So the contract stands.

The incinerator will be long built by then.

The situation regarding whatever contractual arrangements Dublin City Council have will be considered and an investigating officer will be appointed by the Minister, Deputy Gormley, to examine that matter.

Two years later.

Will taxpayers' money be spent on it?

Deputy Jim O'Keeffe, please.

In light of the recent British decision, which was reflected in the Northern Assembly only this week, regarding additional compensation for victims of thalidomide, is the Government considering any such measures for the small number of victims in this jurisdiction? Has the Taoiseach received a request to meet with the survivors of thalidomide in the Twenty-six Counties?

Deputy, a parliamentary question to the Minister for Health and Children would be much more appropriate.

She is in the Chamber.

Will he accede to the request at the earliest opportunity given the serious needs of the people concerned and that we are not in sync with the supports and measures introduced in the other jurisdiction on the island and in the neighbouring island?

Noting the presence of the Minister for Health and Children in the Chamber, I take it she has been briefed a representative of the Irish Thalidomide Association was interviewed on the radio this morning. That association has been in dialogue with the Department of Health and Children and the State Claims Agency for over two years. As there are fewer than 40 survivors, will the Minister ensure the matter is brought to a conclusion in the interest of ordinary decency? These people, to whom the State owes a degree of responsibility, should be treated with respect and promptness. They have been left for far too long without a decent response from the Government.

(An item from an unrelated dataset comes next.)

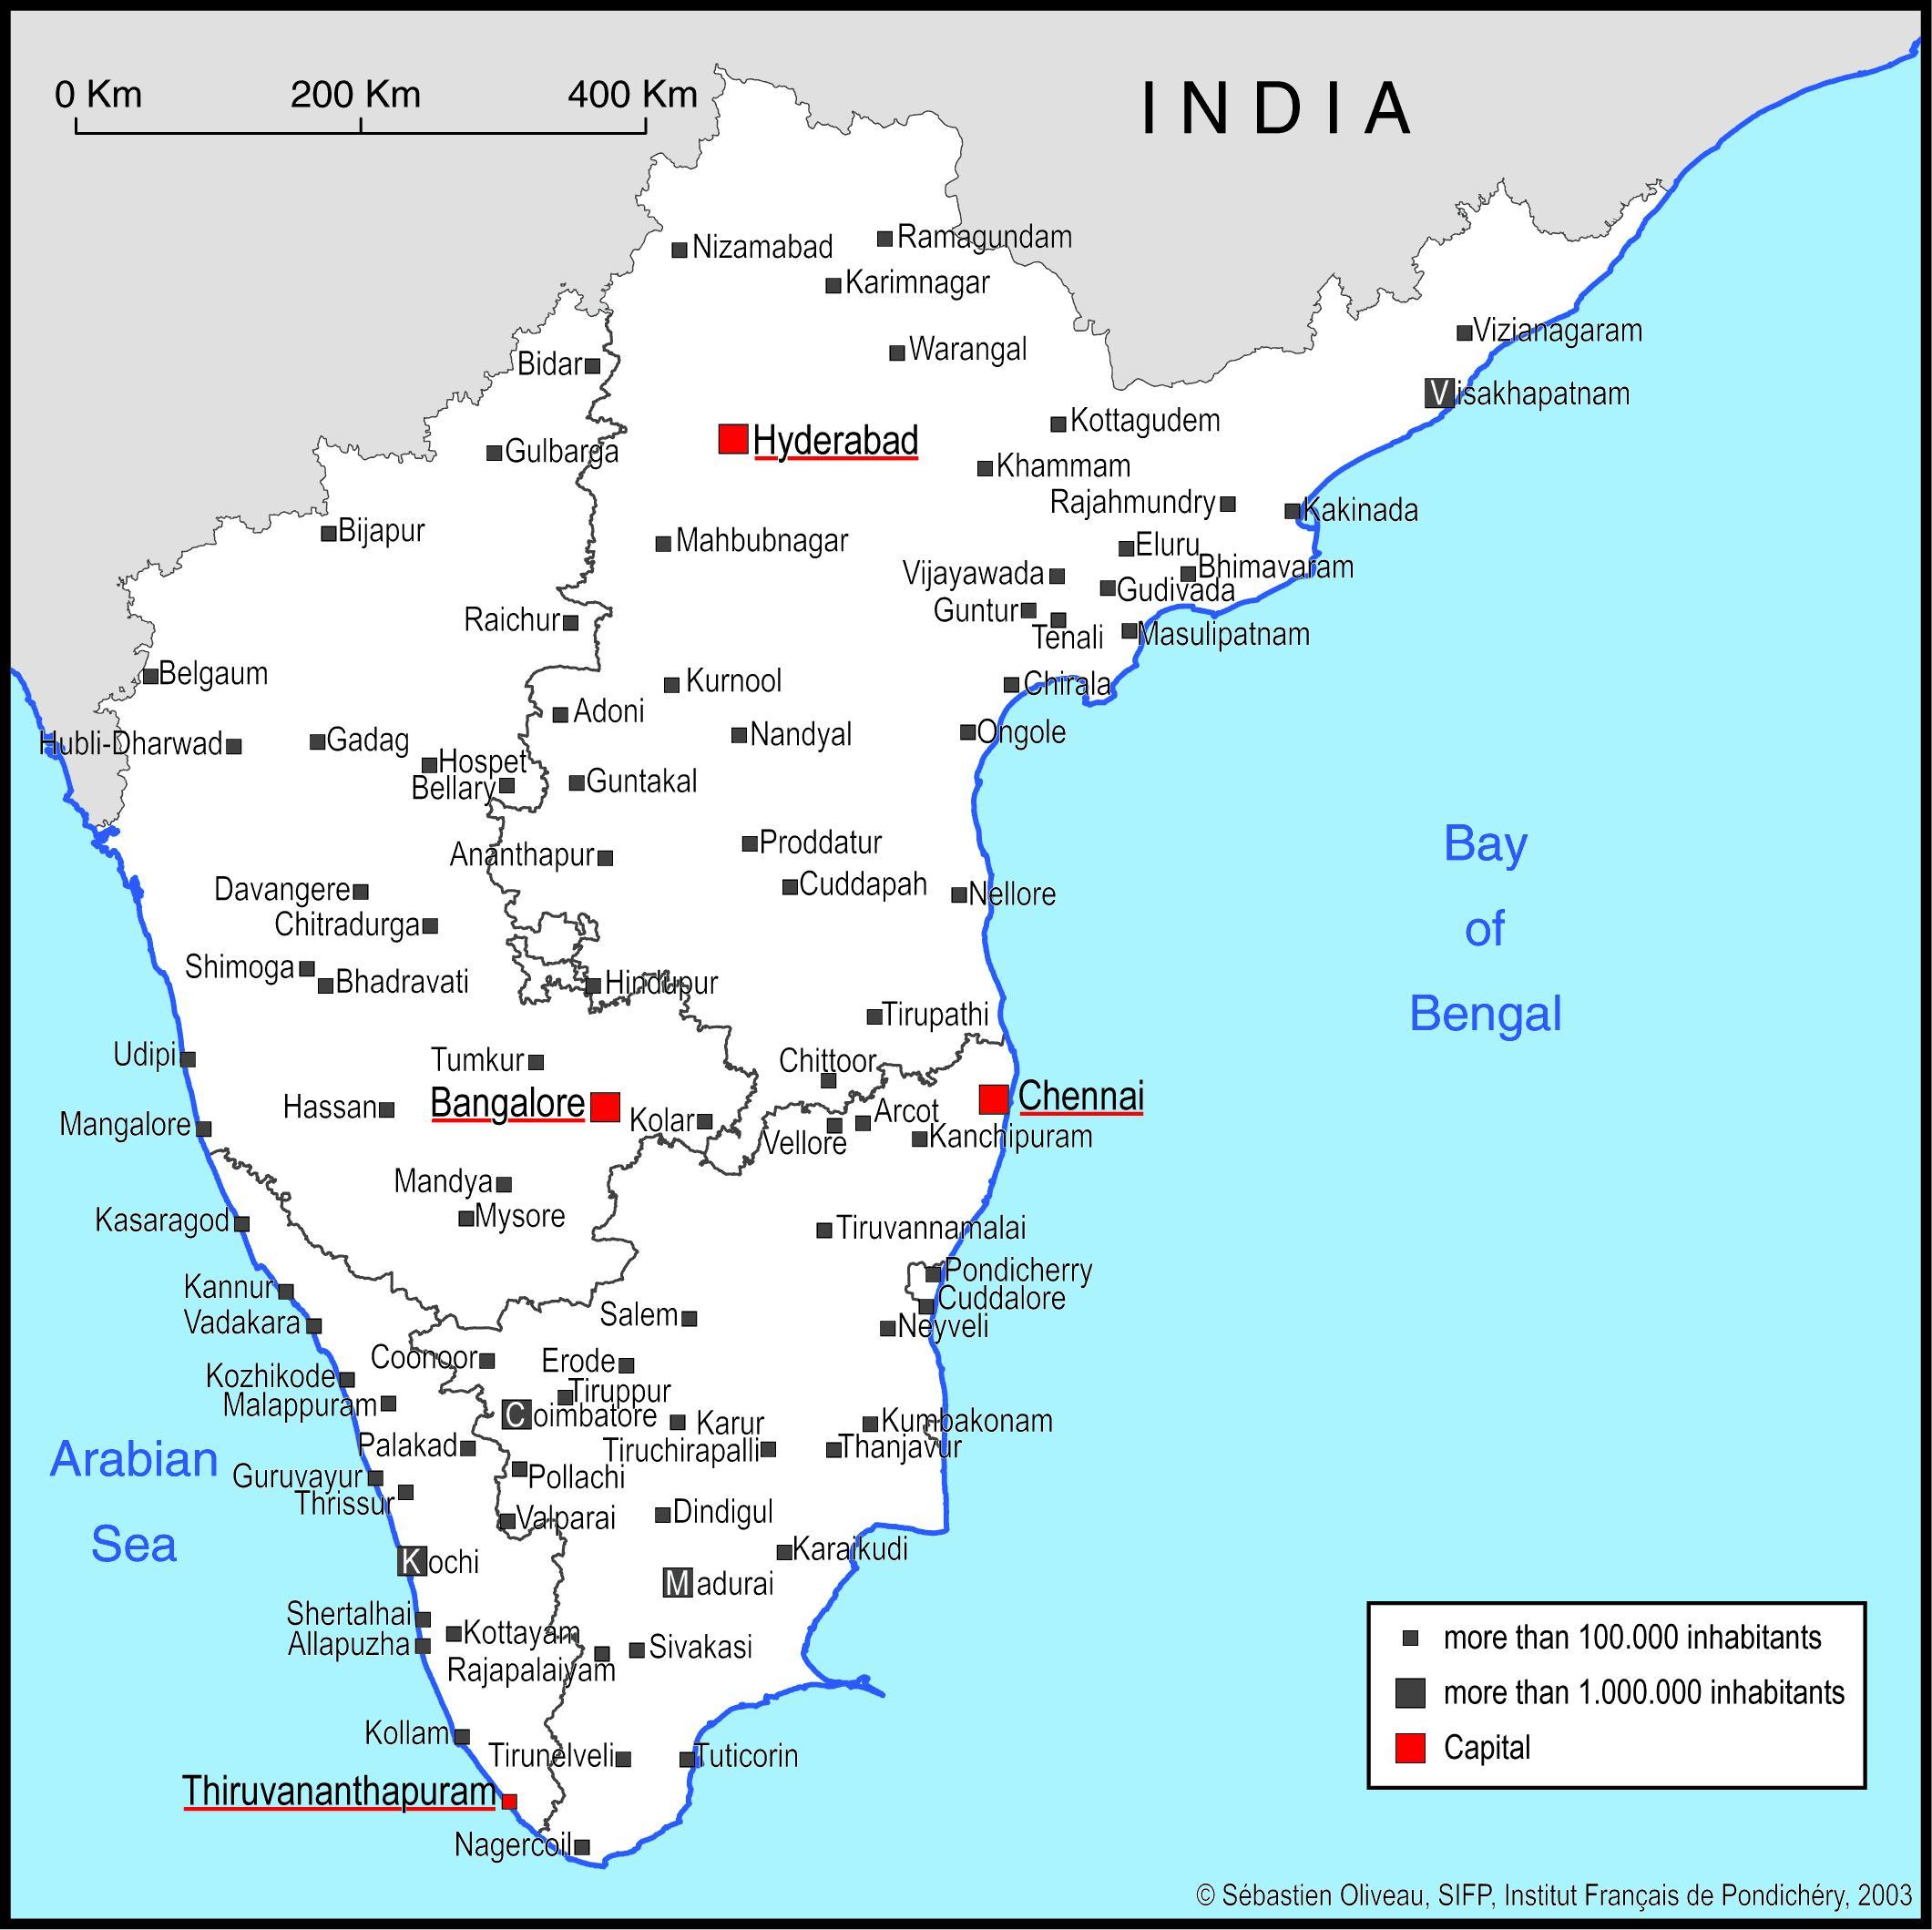 Carte Inde Principales Villes.Carte De L Inde Du Sud Avec Les Principales Villes Du Sud De

On the same issue, and very much in support of the two previous speakers, the Taoiseach can do a great service to the House and its institutions by responding in the fashion suggested by my colleagues on this side of the House. In view of the well-documented evidence that has existed for several years on this sensitive subject and the relatively small number of people whose situation must be addressed, it is even more poignant——

There is no need to elaborate.

——when one considers that it involves a small group of people. Their situation requires compassionate treatment at the earliest possible date.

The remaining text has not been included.